Re: The logging of Solr queries

2022-09-23 Thread Anjali Maurya
We have a way to distinguish which query is a top level query.
We are using an 8-node cluster of solr cloud, when any request is hit then
min 9 and max 17 queries are being logged. It is consuming huge disk space.
When we used to use solr standalone , log files used to be generated of
~30GB per day and now with solr cloud , the log file's size has increased
to ~162GB.

On Thu, Sep 22, 2022 at 10:31 PM Shawn Heisey 
wrote:

> On 9/22/22 09:17, Anjali Maurya wrote:
> > Thanks Shawn for the suggestion.
> > Can we make any change for the logging of only top level query not the
> > shard level?
>
> I just tried doing a query on my tiny 9.1.0-SNAPSHOT SolrCloud install
> that consists of one node, one shard, and one core, with ZK embedded.
> The query was to the collection, not the core.  I expected to see two
> queries logged ... one for the collection and one for the core.  I only
> got one query logged, on the core.
>
> I know that when doing a sharded query that does NOT involve SolrCloud,
> that both queries are logged.  I am pretty sure that when both queries
> are logged, it is not difficult to figure out which log entry is for a
> top level query.
>
> Thanks,
> Shawn
>
>


Re: The logging of Solr queries

2022-09-23 Thread Anjali Maurya
So, we are searching for any solution to log only top level queries. Is
there any way at logging level to log only top level query?

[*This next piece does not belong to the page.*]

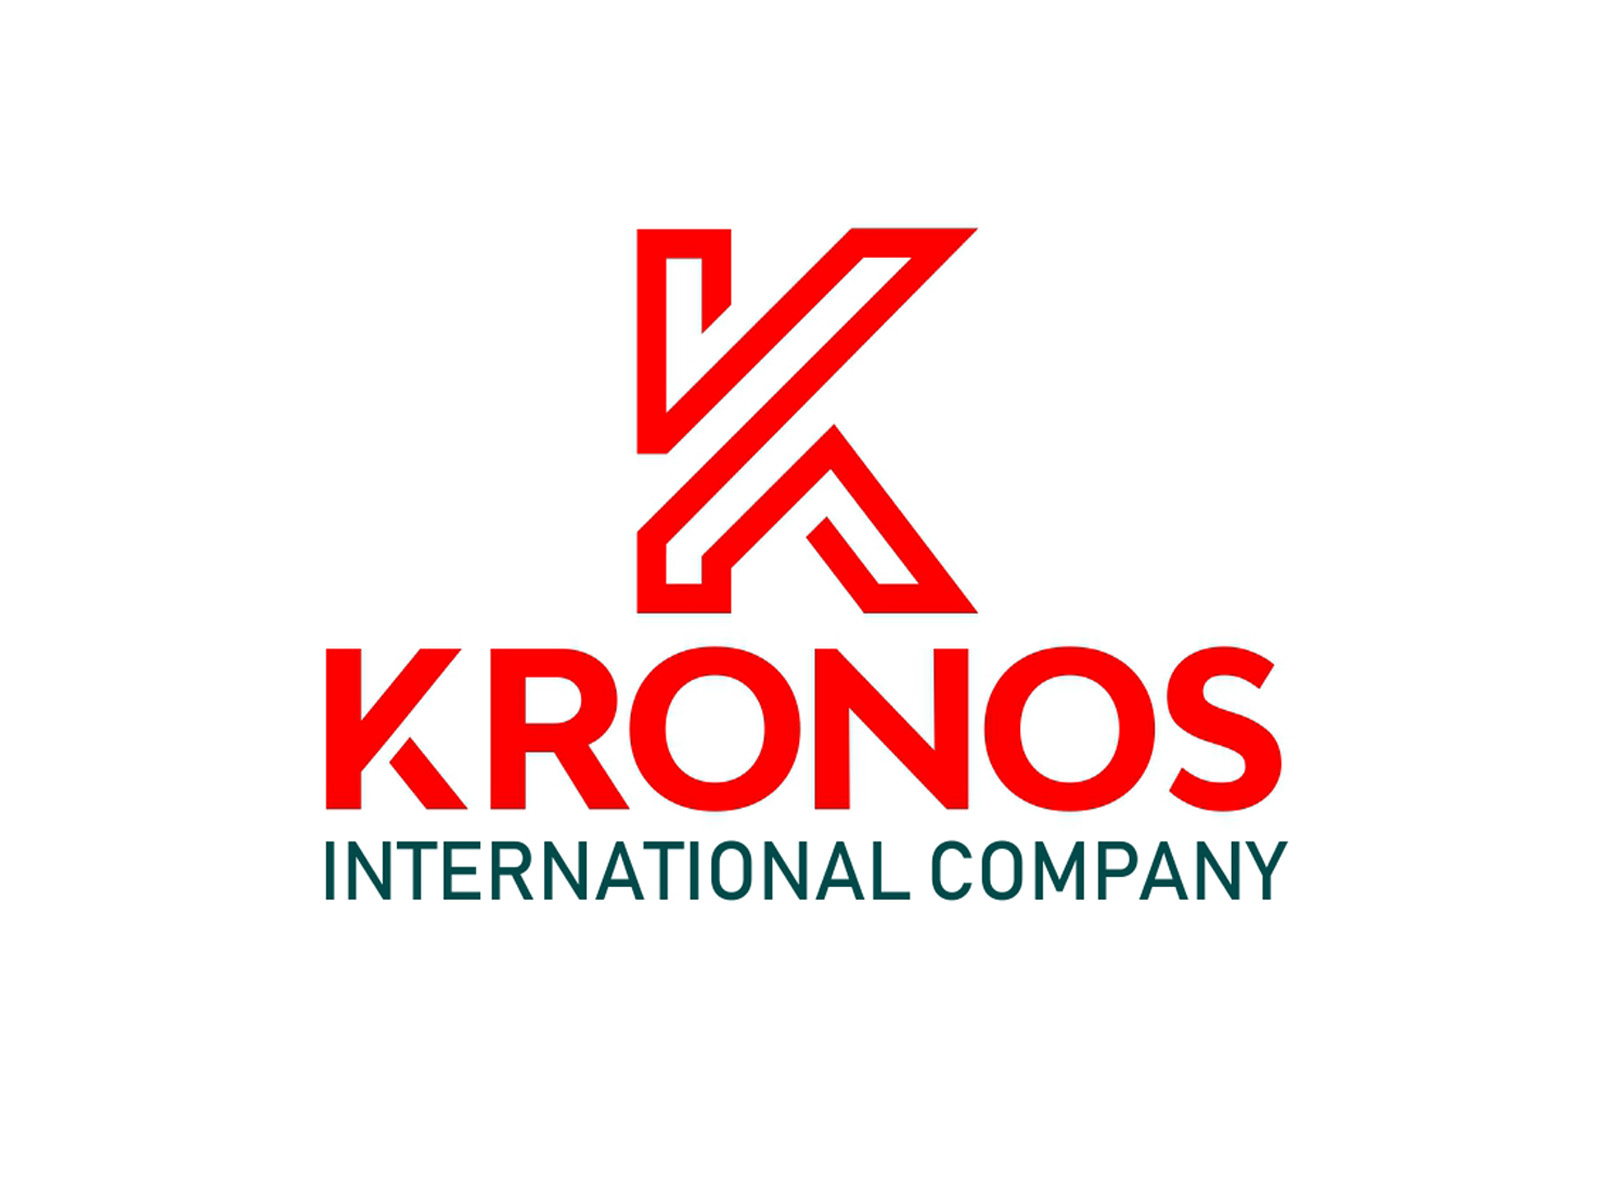 Logo Kronos by Carlos Veramendi on Dribbble
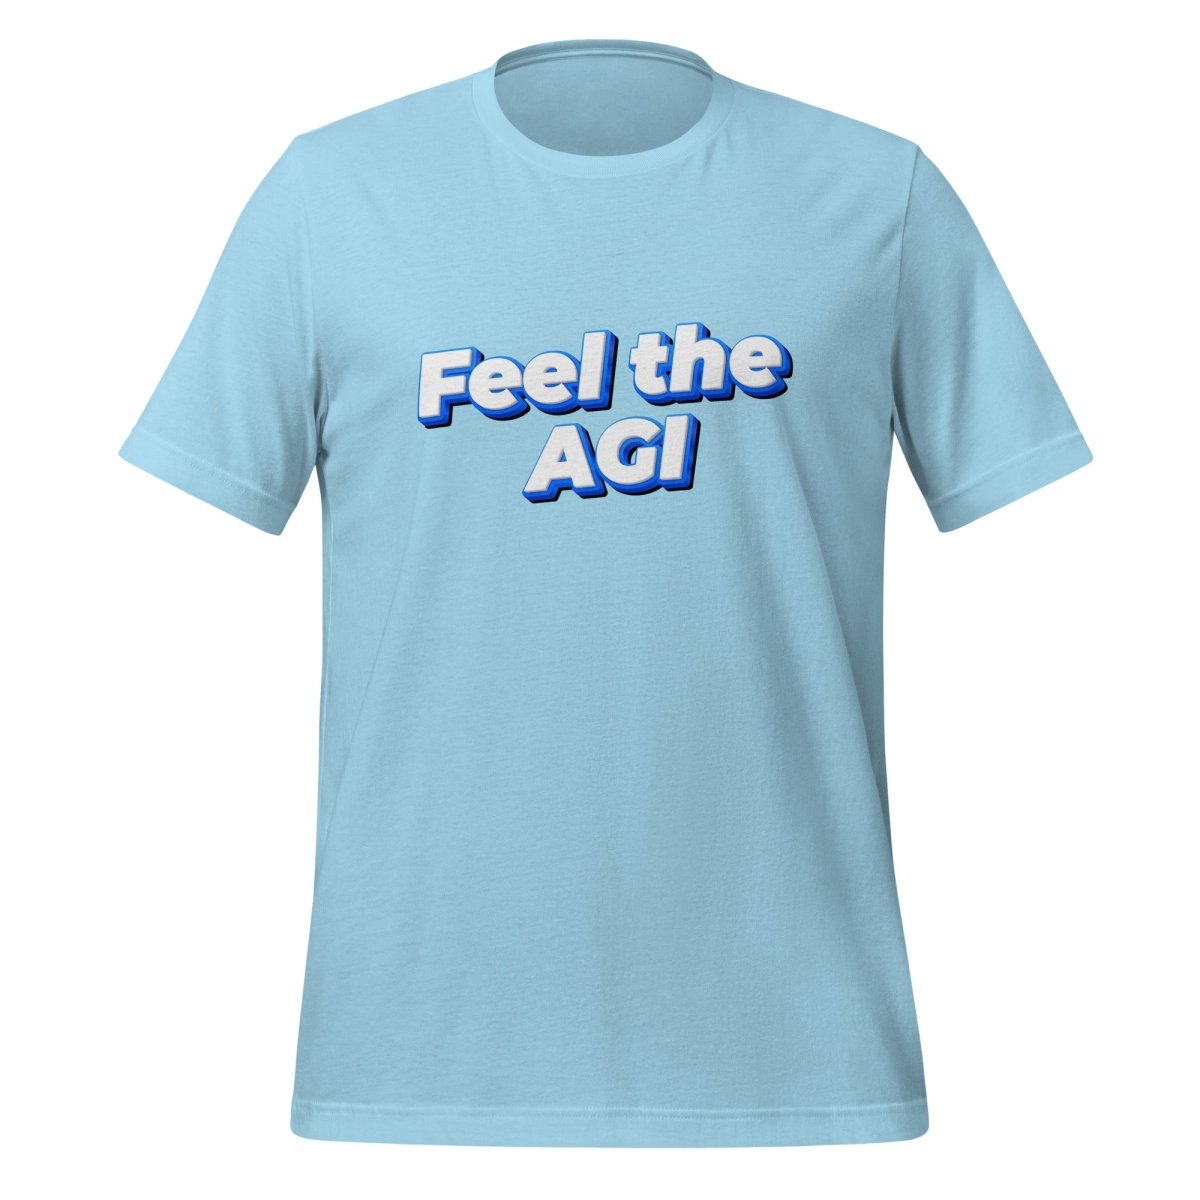 Feel the AGI T - Shirt 2 (unisex) - Ocean Blue - AI Store

On Fri, Sep 23, 2022 at 2:09 PM Anjali Maurya 
wrote:

> We have a way to distinguish which query is a top level query.
> We are using an 8-node cluster of solr cloud, when any request is hit then
> min 9 and max 17 queries are being logged. It is consuming huge disk space.
> When we used to use solr standalone , log files used to be generated of
> ~30GB per day and now with solr cloud , the log file's size has increased
> to ~162GB.
>
> On Thu, Sep 22, 2022 at 10:31 PM Shawn Heisey 
> wrote:
>
>> On 9/22/22 09:17, Anjali Maurya wrote:
>> > Thanks Shawn for the suggestion.
>> > Can we make any change for the logging of only top level query not the
>> > shard level?
>>
>> I just tried doing a query on my tiny 9.1.0-SNAPSHOT SolrCloud install
>> that consists of one node, one shard, and one core, with ZK embedded.
>> The query was to the collection, not the core.  I expected to see two
>> queries logged ... one for the collection and one for the core.  I only
>> got one query logged, on the core.
>>
>> I know that when doing a sharded query that does NOT involve SolrCloud,
>> that both queries are logged.  I am pretty sure that when both queries
>> are logged, it is not difficult to figure out which log entry is for a
>> top level query.
>>
>> Thanks,
>> Shawn
>>
>>


Re: The logging of Solr queries

2022-09-23 Thread Markus Jelsma
No, Solr can't do that unless you patch it to only log top-level queries.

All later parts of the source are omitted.